Technology's 10 largest companies, globally

There was a time, not so long ago, you could expect to find the 10 most valuable tech companies in the world all within the United States. In fact, you might find them all conveniently nestled up next to each other in a 50-square-mile area in California called Silicon Valley. But those days are gone. Over the years, the number of top 10 technology companies clustered in the San Francisco Bay area has steadily declined. Increasingly, Asia-based companies are breaking their way into the top 10; in 2019 four Eastern companies made the cut, the year before, three. Here are the world's 10 most valuable tech companies by market cap.

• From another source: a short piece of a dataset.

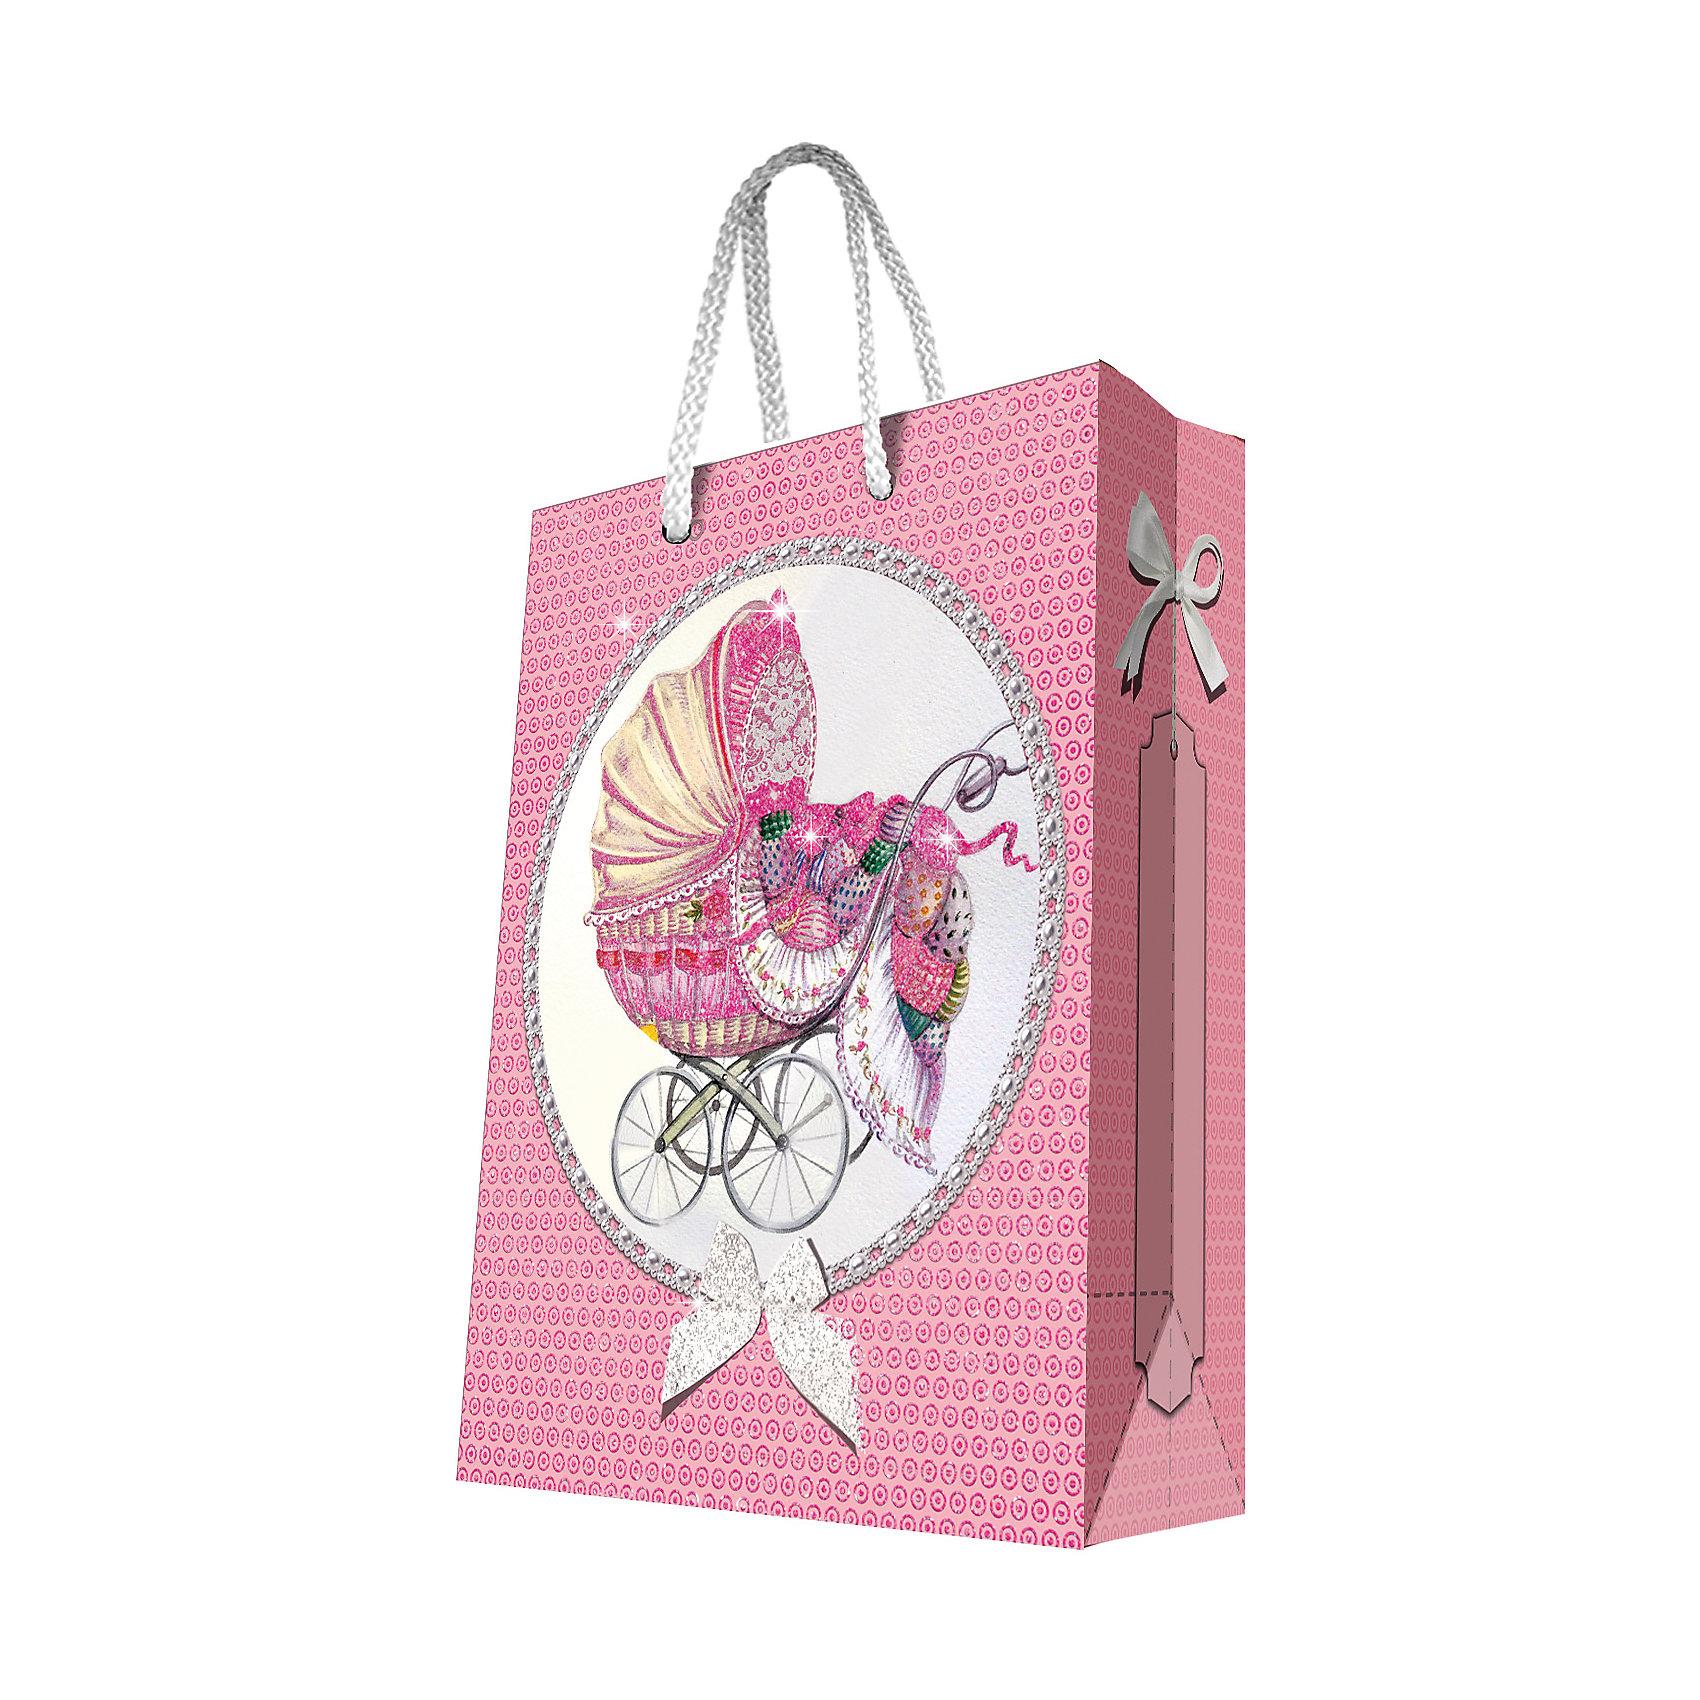 Подарочный пакет Ретро-коляска 26*32,4*12,7 смКрасиво упакованный подарок приятно получать вдвойне! Прочный красивый бумажный пакет станет прекрасным дополнением к подарку.<br><br>Дополнительная информация:<br><br>- Материал: бумага (плотность бумаги 250 г/м2).<br>- Размер: 26х32,4х12,7 cм.<br>- Ширина основания: 26 см.<br>- Эффект: ламинация.<br><br>Подарочный пакет Ретро-коляска 26х32,4х12,7 см, можно купить в нашем магазине.<br><br>Ширина мм: 260<br>Глубина мм: 324<br>Высота мм: 127<br>Вес г: 100<br>Возраст от месяцев: 36<br>Возраст до месяцев: 2147483647<br>Пол: Женский<br>Возраст: Детский<br>SKU: 4548401

10. Intel Corp. (INTC): $206 billion

Semiconductor giant Intel rose to real prominence in the 1990s when its stock price soared, driven by the demand for Intel's chips that came with the personal computer revolution. Then it started making chips for smartphones and tablets, and pivoted into the data center business, when mobile started overtaking desktop. Currently, its fastest growing divisions are the Internet of Things Group (IOTG) and Mobileye, the machine vision company it purchased for $15 billion in 2017 to get a foothold in artificial intelligence. Still, Intel may not be one of the 10 most valuable tech companies in the world much longer; at its core, it's still a mature blue-chip stock that pays a dividend.

9. Taiwan Semiconductor Manufacturing Company (TSM): $214 billion

The newest name on the list, TSM took Cisco's (CSCO) spot among the top 10 tech companies in 2019, simultaneously chipping away at Silicon Valley's dominance. As for what the company does, it's all in the name; it's known as a semiconductor foundry -- a company that takes other chipmakers' designs and manufactures the technology for them. This often ends up a win-win scenario for both parties, as the machines required to produce integrated circuits, transistors, and high-quality semiconductors are large, complex, and expensive. The fact that TSM has been able to do it well and at scale since the late '80s has earned it customers like Apple (AAPL) -- and ultimately a spot on this list.

8. Samsung Electronics (SSNLF): $243 billion

Speaking of Apple, the South Korea-based Samsung Electronics has grown like wildfire over the last decade, and in the process has emerged as arguably Apple's most annoying yet venerable opponent in the mobile business. Its popular line of Galaxy smartphones and tablets has been a big hit with consumers, and the company was in a seven-year court battle with Apple over smartphone patents until 2018. The company is heavily traded on Asian and European exchanges, giving it a roughly quarter-trillion-dollar valuation. Revenue and operating profits both hit all-time highs in 2018. Ubiquitous in its industry, the company also sells TVs, laptops, security systems and appliances.

7. Tencent Holdings (TCEHY): $400 billion

Tencent has quickly emerged as an important player in Asia's technological renaissance; unfortunately, it hasn't yet debuted on a major American exchange, although it trades on an over-the-counter exchange. Technically, Tencent is a sprawling Chinese holding company, but at heart it's a tech dynamo, with thriving operations in gaming, social media, music, e-commerce and online video. WeChat, Tencent's messaging, social media and payments platform, has more than 1 billion daily active users. The company's Tencent Games division is already the world's single largest gaming company, with games like "League of Legends," "Arena of Valor" and "Fortnite," along with hundreds of other popular franchises. Revenue growth clocked in at 32% in 2018.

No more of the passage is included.